Following myelomeningocele repair, the treatment of the other conditions may range from simple observation to extensive surgical procedures. The vast majority of patients will require shunts for hydrocephalus before being discharged; future treatment might be required for associated kyphosis, Chiari malformation, foot deformities, and secondary tethering of the spinal cord for CM-II, syringomyelia, and/or tethered cord syndrome. While myelomeningocele may be regarded a static and nonprogressive defect, clinical worsening is caused by associated problems. Owing to the fact that myelomeningocele is located at thoracolumbar segments in almost 80 % of the cases, the child faces lifetime complications of paraplegia and neurogenic bladder. Therefore, the initial closure is just the beginning, and outcome and long-term results greatly depend on the management of the associated conditions [7, 12]. At least 75 % of children born with an open spina bifida can be expected to reach their early adult years. Survivors have a high incidence of problems related to pressure sores, obesity, severe renal disease, hypertension, depression, and visual impairment. Mortality is mostly related to shunt dysfunction and infection, urinary complications of neurogenic bladder, or respiratory tract infection [13].

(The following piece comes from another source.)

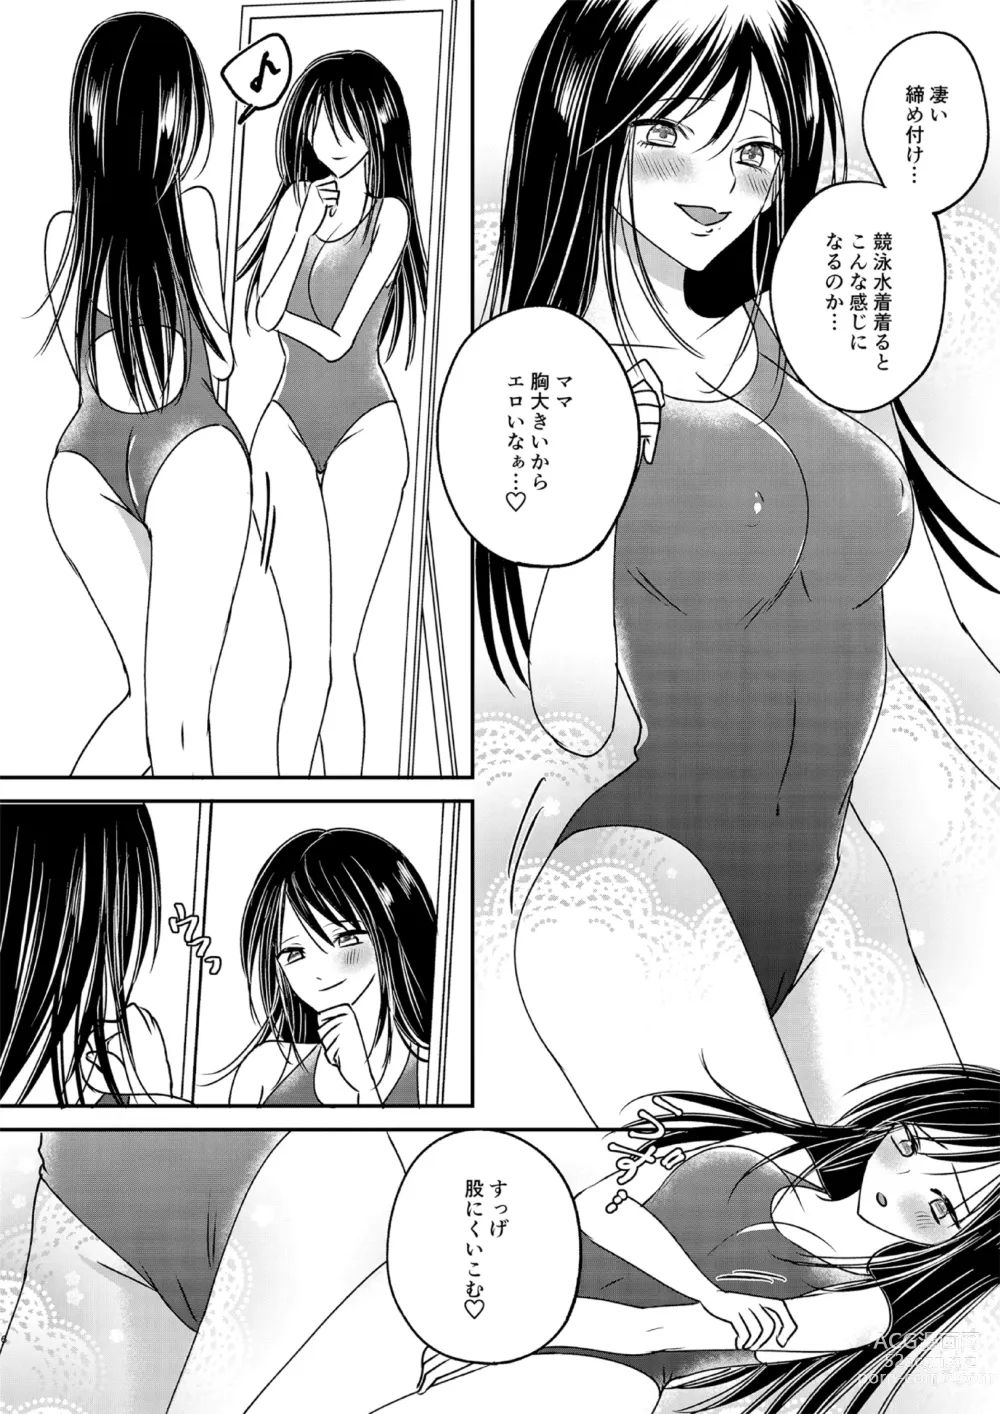 Page 6 of doujinshi Irekawari Cinderella 3

Neurulation is responsible for the formation of the spinal cord until the future second sacral segment and the most distal segment of the spinal cord develop by a process called secondary neurulation from the neural ectoderm cell mass caudal to the neural tube, the caudal eminence. Caudal eminence is formed from pluripotent cells derived from the regressing primitive streak. The mesenchymal neural cord then becomes an epithelial cord, acquires a lumen by canalization and regression process, attaches to the primary neural tube, and forms the remaining sacral and coccygeal segments of the spinal cord including the filum terminale [1, 3, 22]. Developmental errors during secondary neurulation, besides several anomalies, lead to the formation of a fatty and short/thick filum, a classical representative of occult spinal dysraphism. Other major occult forms of dysraphism include split cord malformations (SCMs, diastematomyelia), lipomyelomeningoceles, and dermal sinuses which represent disordered mesodermal differentiation belonging to different stages during primary neurulation, before secondary neurulation begins [23]. The setoff time for the mesodermal maldevelopment and the stage of neurulation at that instance are critical for the neurological consequences. The more the primary neurulation is disrupted, the chances are higher that the child is born with a neurological compromise. This is one of the main reasons why, in different forms of occult dysraphism, resultant neurological status ranges from normal to severe impairment, sometimes compatible with myelomeningocele. Segmental, asymmetrical involvement of neurulation results with lower extremity changes, including leg or buttock asymmetry, hip and knee problems, and foot deformities that typically worsen due to muscle imbalance, weight bearing, and gravity as the child grows [6].